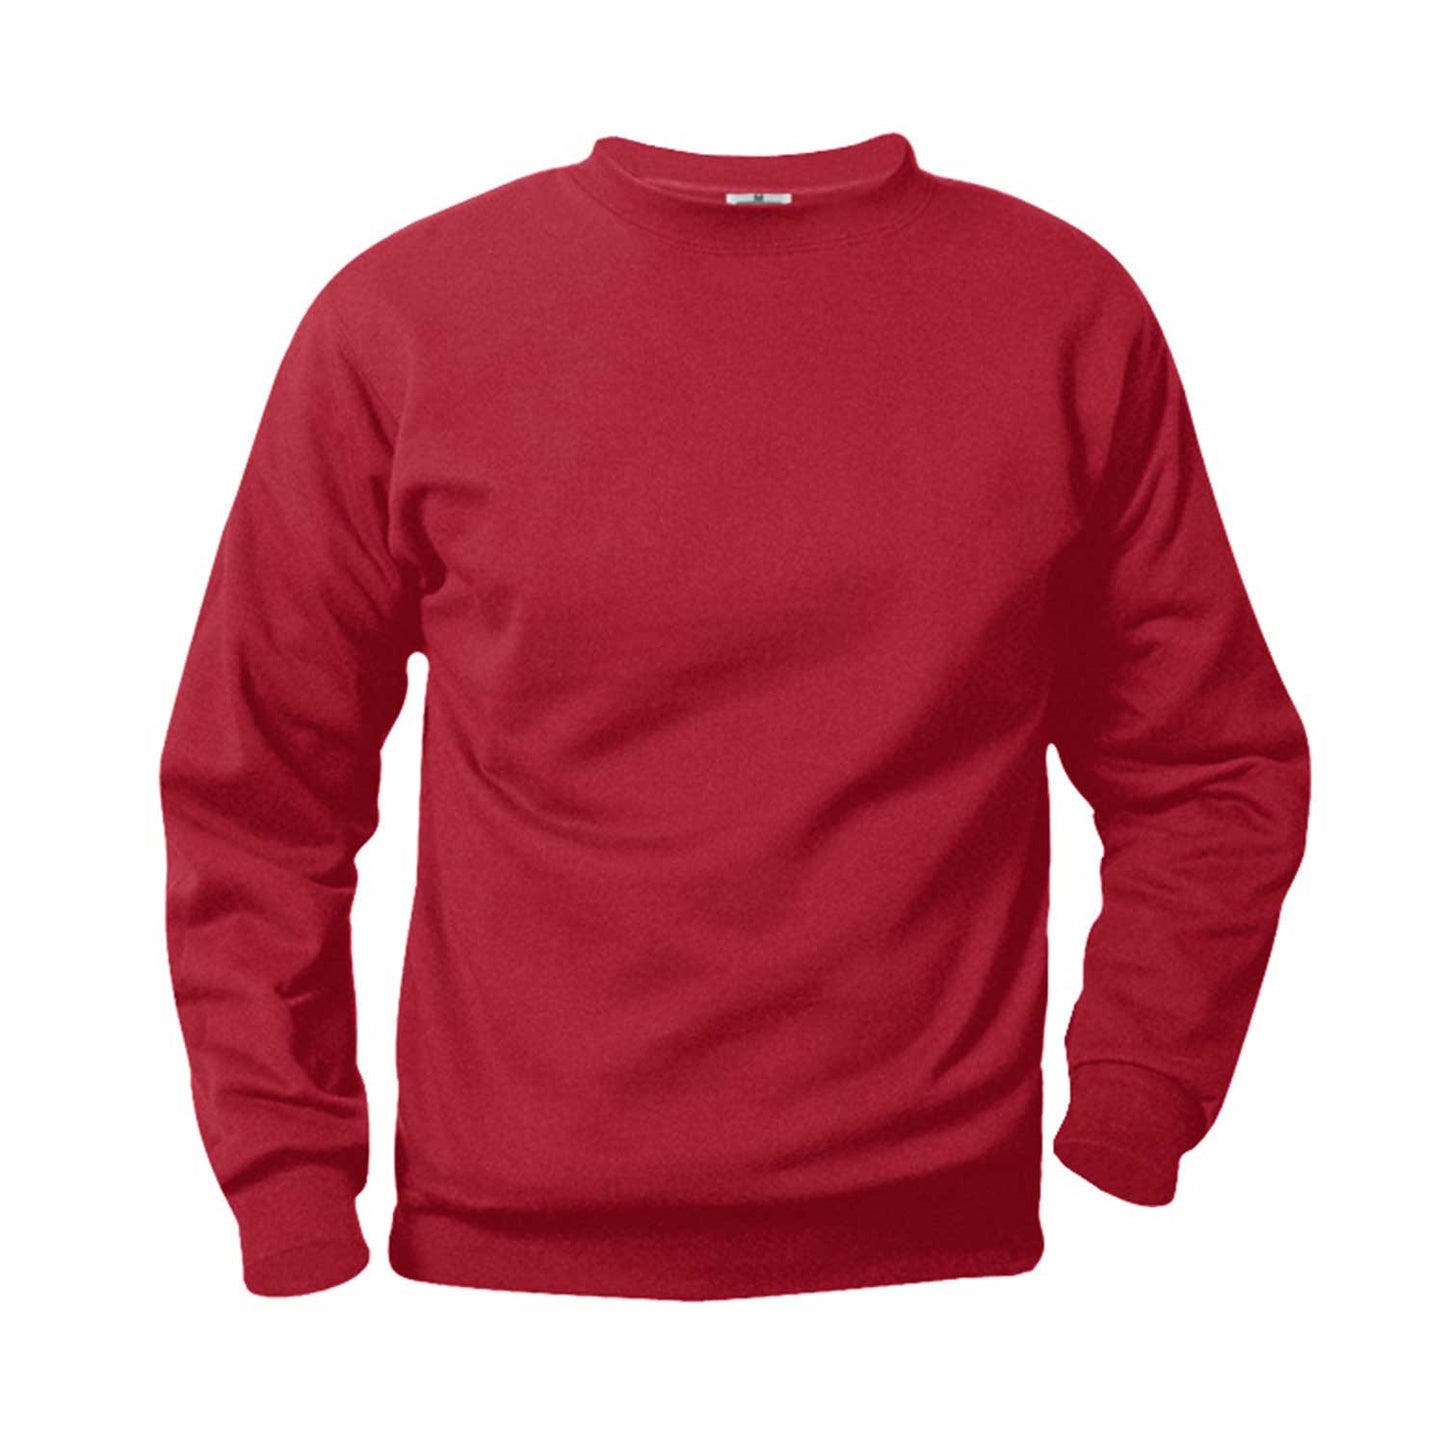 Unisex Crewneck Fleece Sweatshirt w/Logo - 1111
* * *
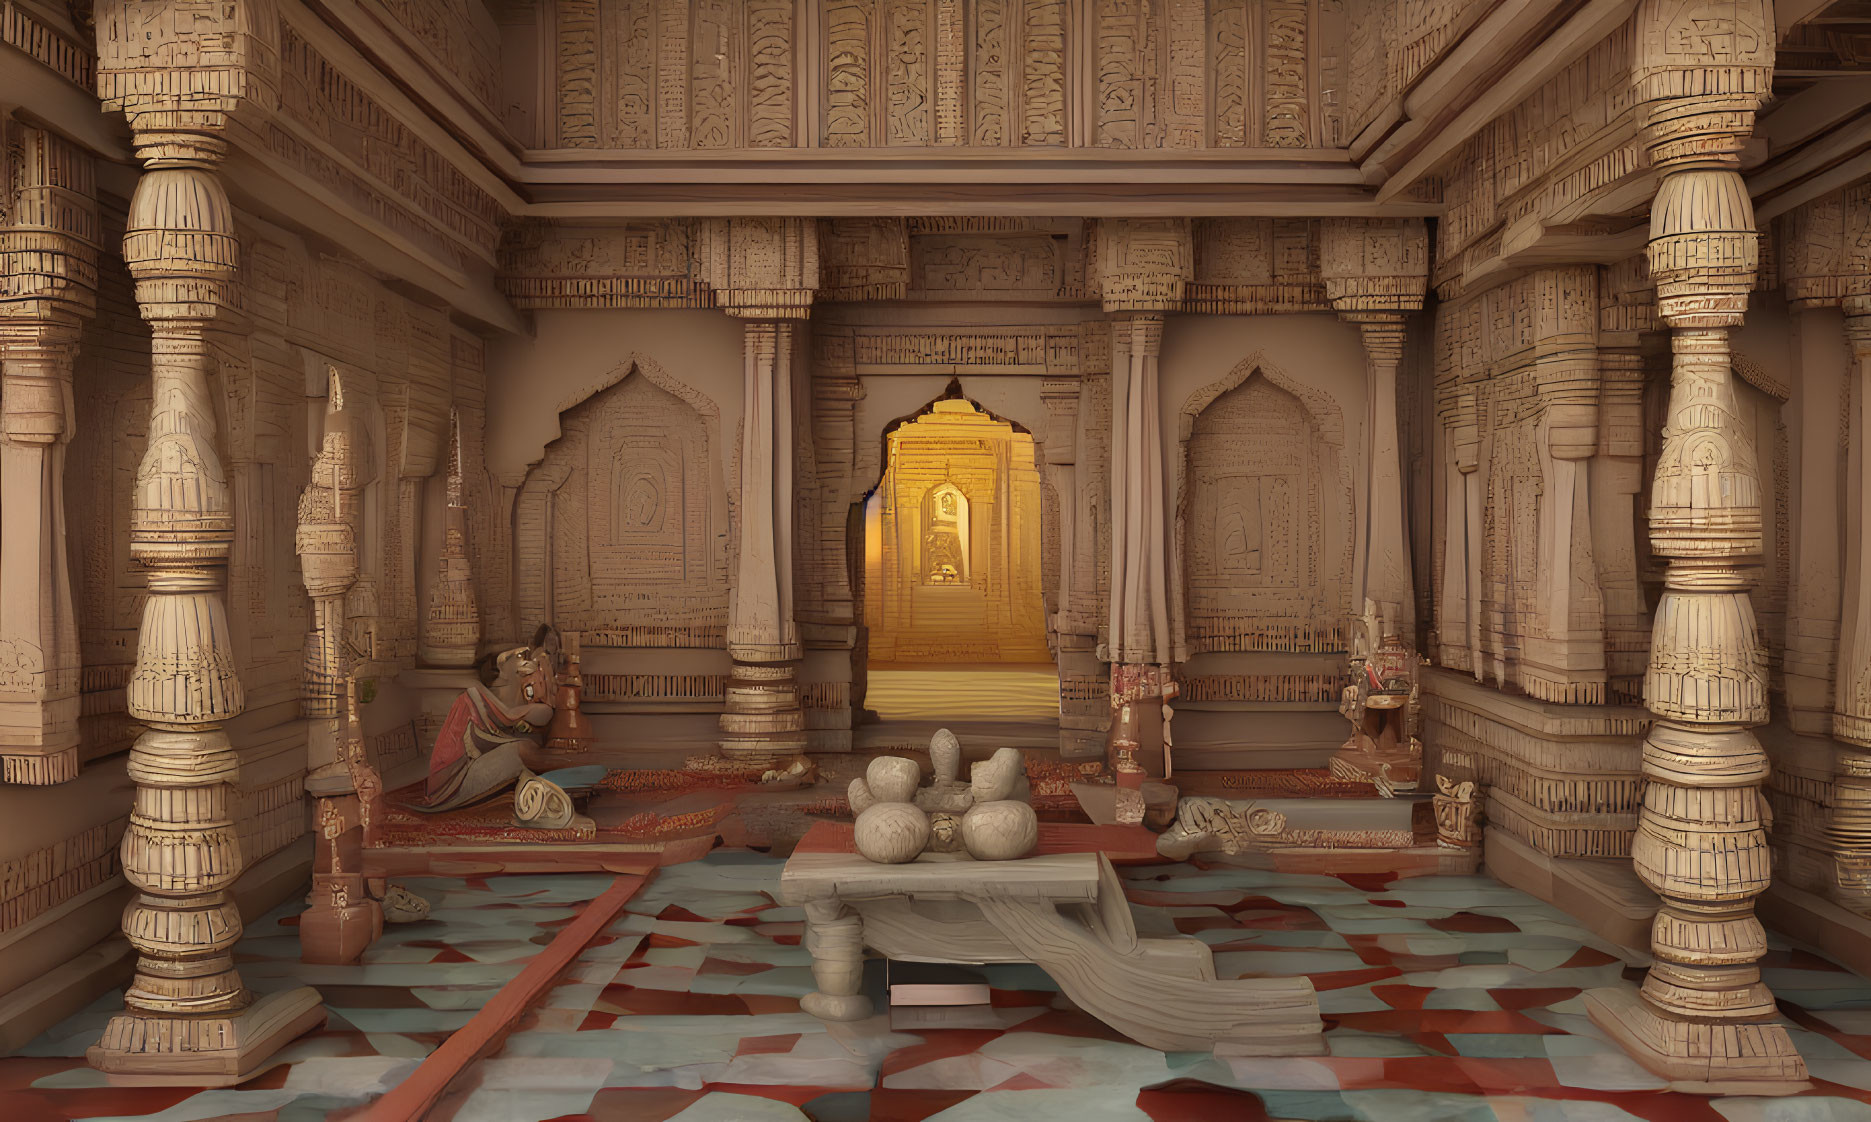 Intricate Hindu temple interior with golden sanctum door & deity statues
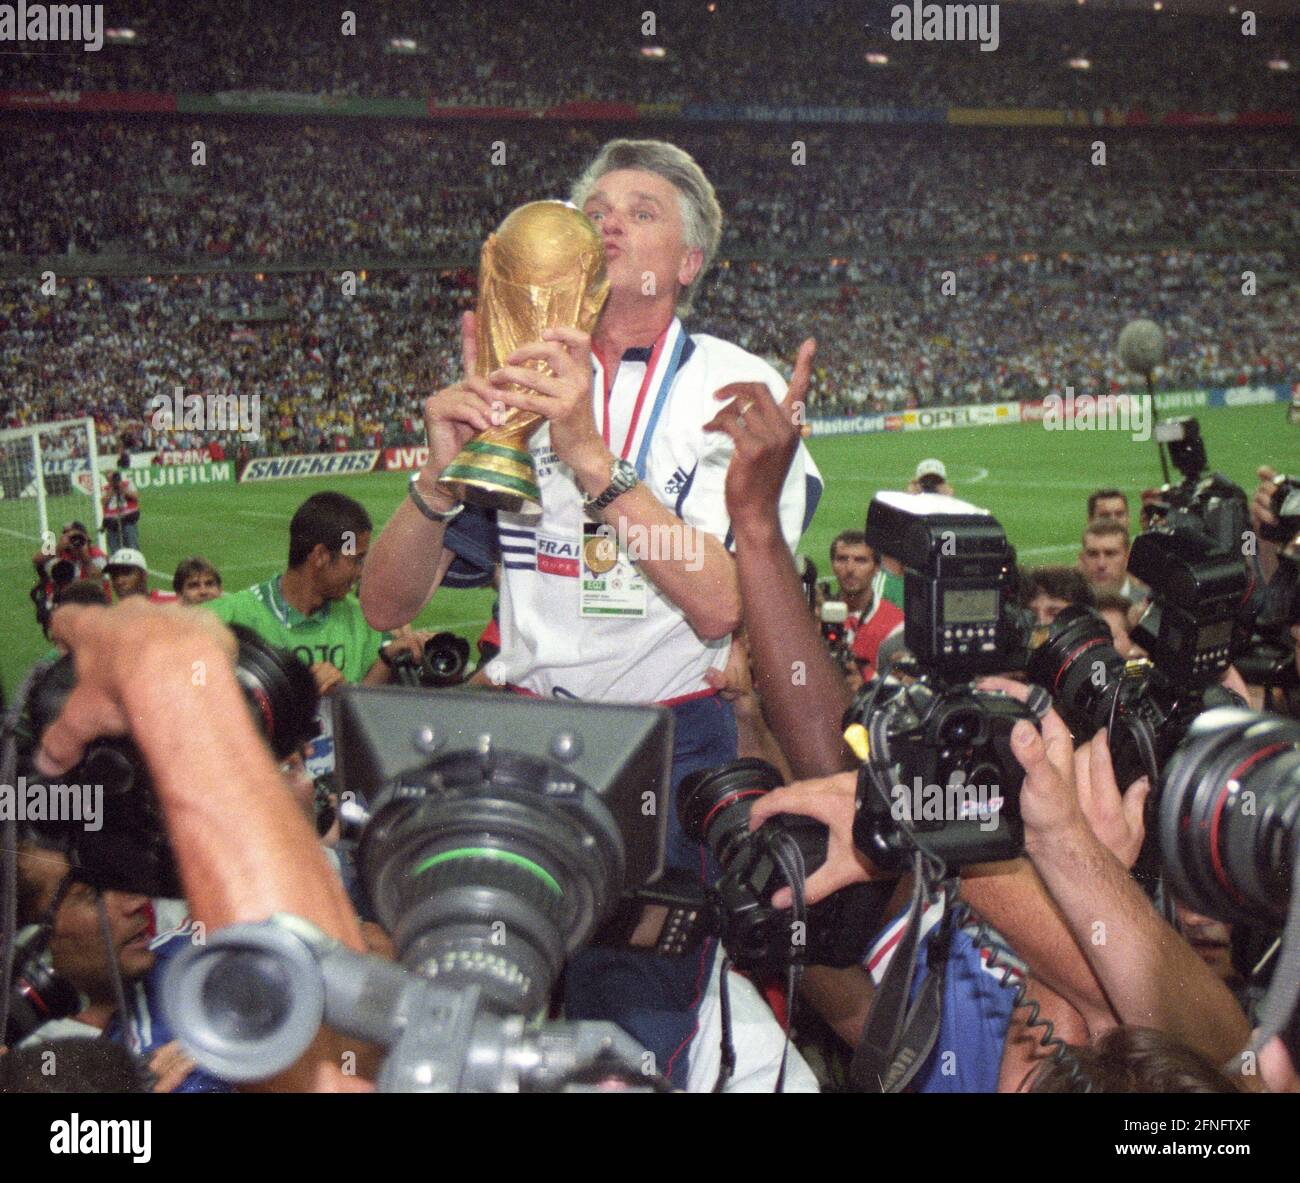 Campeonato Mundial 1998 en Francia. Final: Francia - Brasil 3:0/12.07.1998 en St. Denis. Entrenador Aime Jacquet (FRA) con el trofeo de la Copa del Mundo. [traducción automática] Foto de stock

• _PROBLEM TO SOLVE_: Leaving each picture behind, please give again exactly the lines above from the one with "Intricate Hindu temple" through the one with "Campeonato Mundial 1998", both included, and no others.

• _SOLUTION FOR THIS PROBLEM_:
 Intricate Hindu temple interior with golden sanctum door & deity statues
 Campeonato Mundial 1998 en Francia. Final: Francia - Brasil 3:0/12.07.1998 en St. Denis. Entrenador Aime Jacquet (FRA) con el trofeo de la Copa del Mundo. [traducción automática] Foto de stock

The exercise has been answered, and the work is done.